Expect to wait four years for a kidney transplant, and in the meantime you’ll be connected to two needles three times a week, two hours per session.
This was a diagnosis Katherine Granado was not willing to accept.
“Doctors had always told my parents a doomsday thing…, but I always defied it,” the DVC student said.
Granado, now 30, was born with spina bifida, only one kidney and hydrocephalus, which caused her height to remain at 4 feet 2 inches.
A student worker here since 2001, she is a familiar figure behind the cash register in the cafeteria and the receptionist’s desk in the Student Union Building. She also served three terms as secretary to the Associated Students of DVC before losing in the elections this month. She is one of the three original proposers of an on-campus health center.
On a recent afternoon, Granado talked about how she defied the doomsday predictions once again, thanks to her father.
Frequent urinary tract infections had caused bacteria to eat away at her kidney, reducing its function to 10 percent.
By 2005, she was put on the transplant list at UC Medical Center in San Francisco and told not to expect a kidney until 2009.
Her only hope of getting off dialysis before then was to find a kidney donor herself, which is difficult to do. Even between parents and their children, a match is rare.
When her father learned she would need a transplant, “he immediately jumped up and said, ‘What do I need to do?'” Granado said, smiling through misty eyes.

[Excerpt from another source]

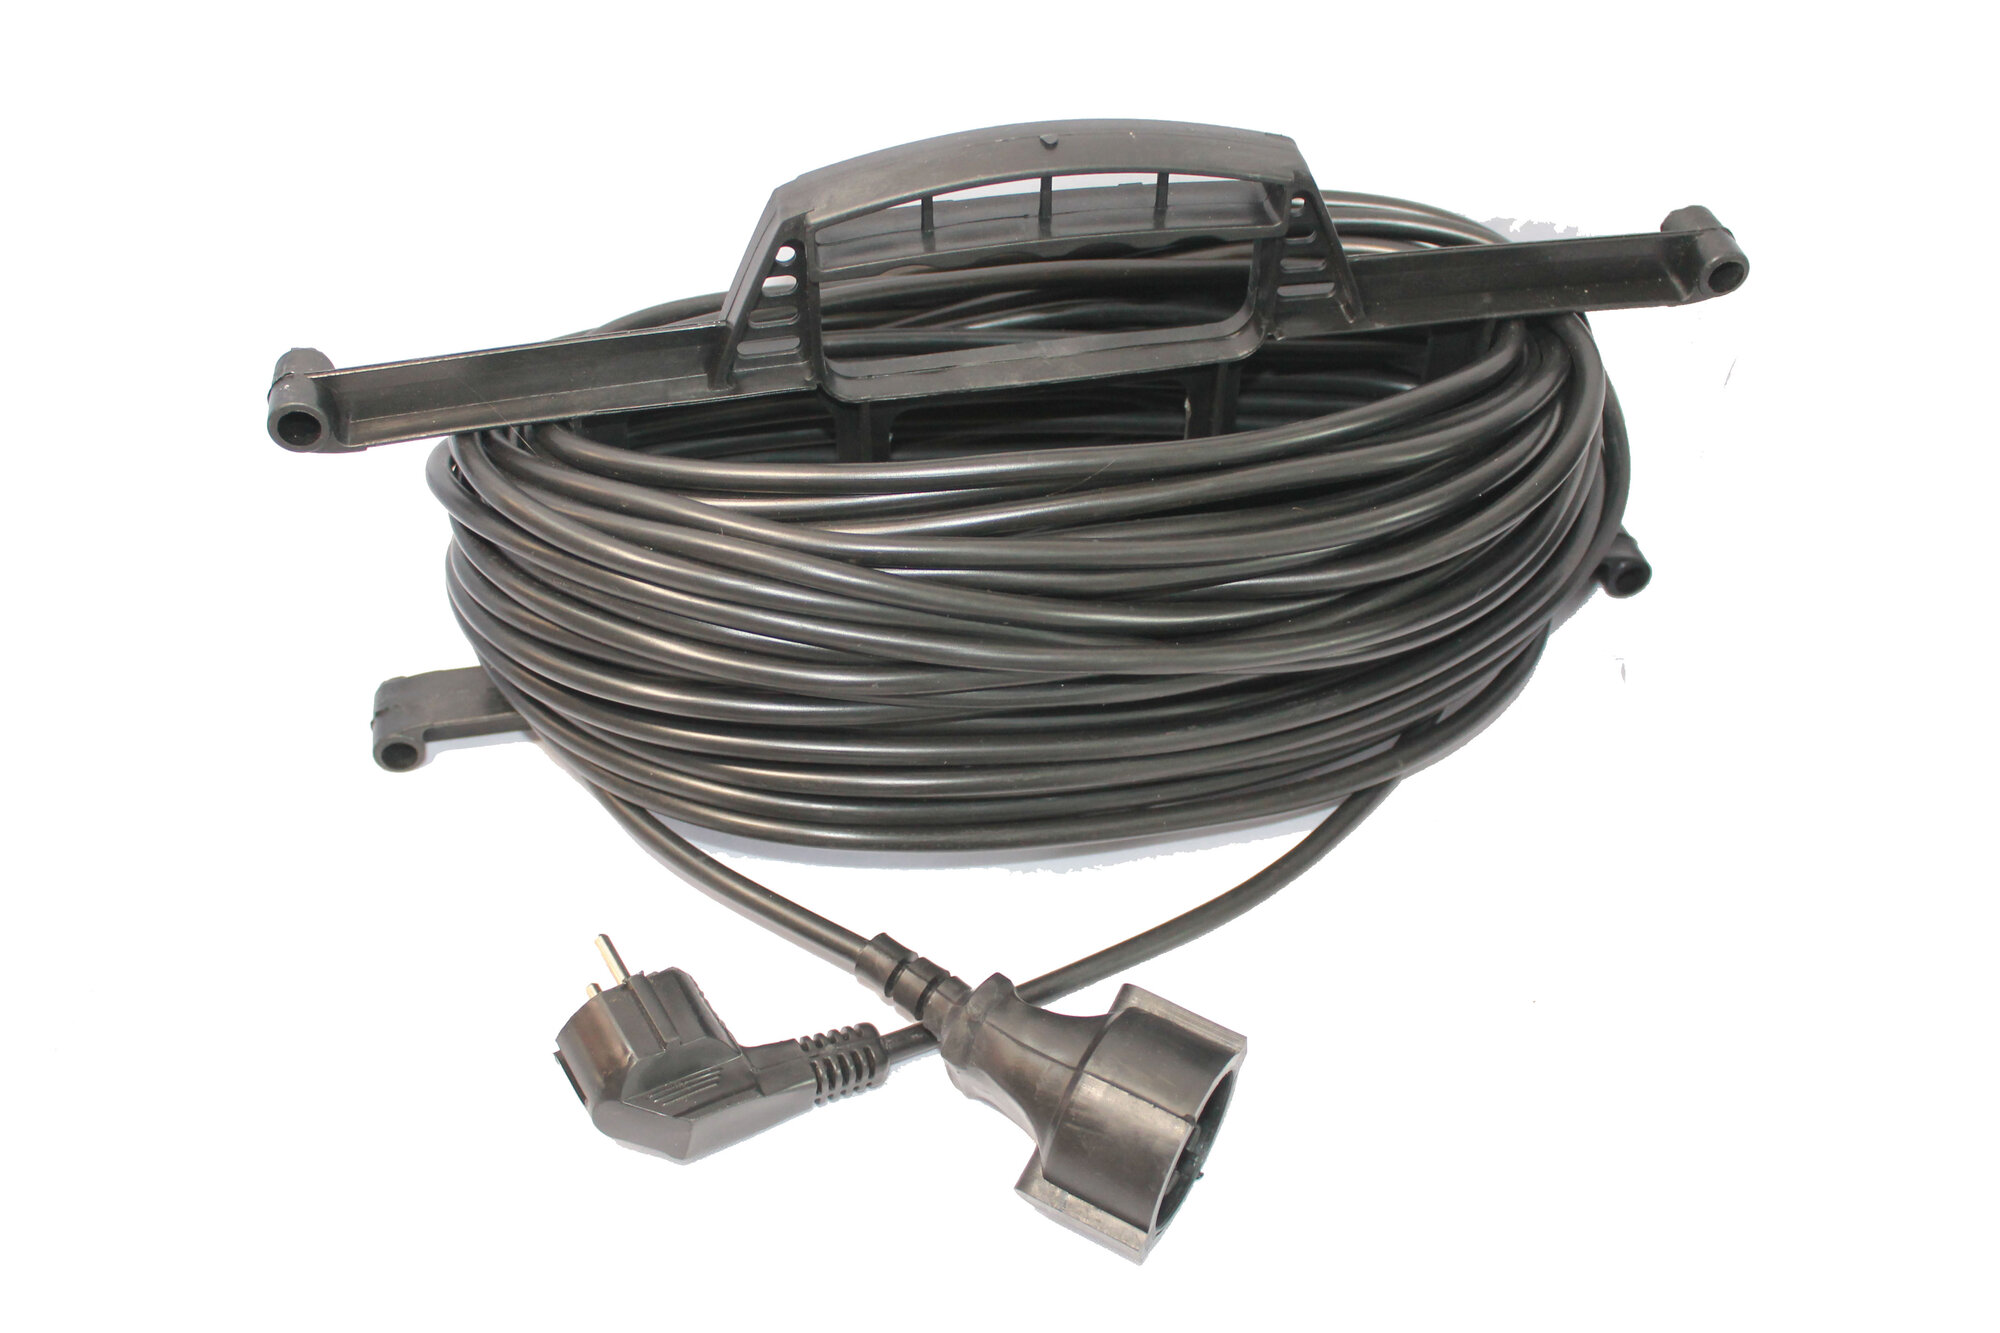 Удлинитель на рамке, длина 40м (кабель ПВС 2*1,5 ) 40 м, модель джетт 1 электрический, сетевой, садовый

Had her father, Raymond Moreno, not been an almost perfect match, Granado believes she would still be on dialysis.
Now that she has a healthy kidney, her blood work is done every other week and a more intense test conducted each month on an off-week. But the doctor visits will be cut back May 8 to once every couple of months and eventually to fewer than that.
Granado hopes to transfer in the fall, but said it will be difficult to leave the students and her co-workers. “I’ll miss how it seems DVC itself is like a family,” she said.
After a Sept. 21, 2007, article about her impending surgery was printed in The Inquirer, Granado said, “People – many I didn’t even know – told me they were praying for me. Many have kidney disease. It’s a growing thing, but it’s still difficult to talk about.”
This “outpour of love” from family, friends, co-workers and even strangers helped her through dialysis.
“Co-workers called weekly or even daily to see how I was doing,” Granado said, tearing up.
After the surgery on May 8, 2008, doctors told her it would take four to five months before she could return to DVC.
But Granado came back at the start of the fall 2008 semester, again defying the odds.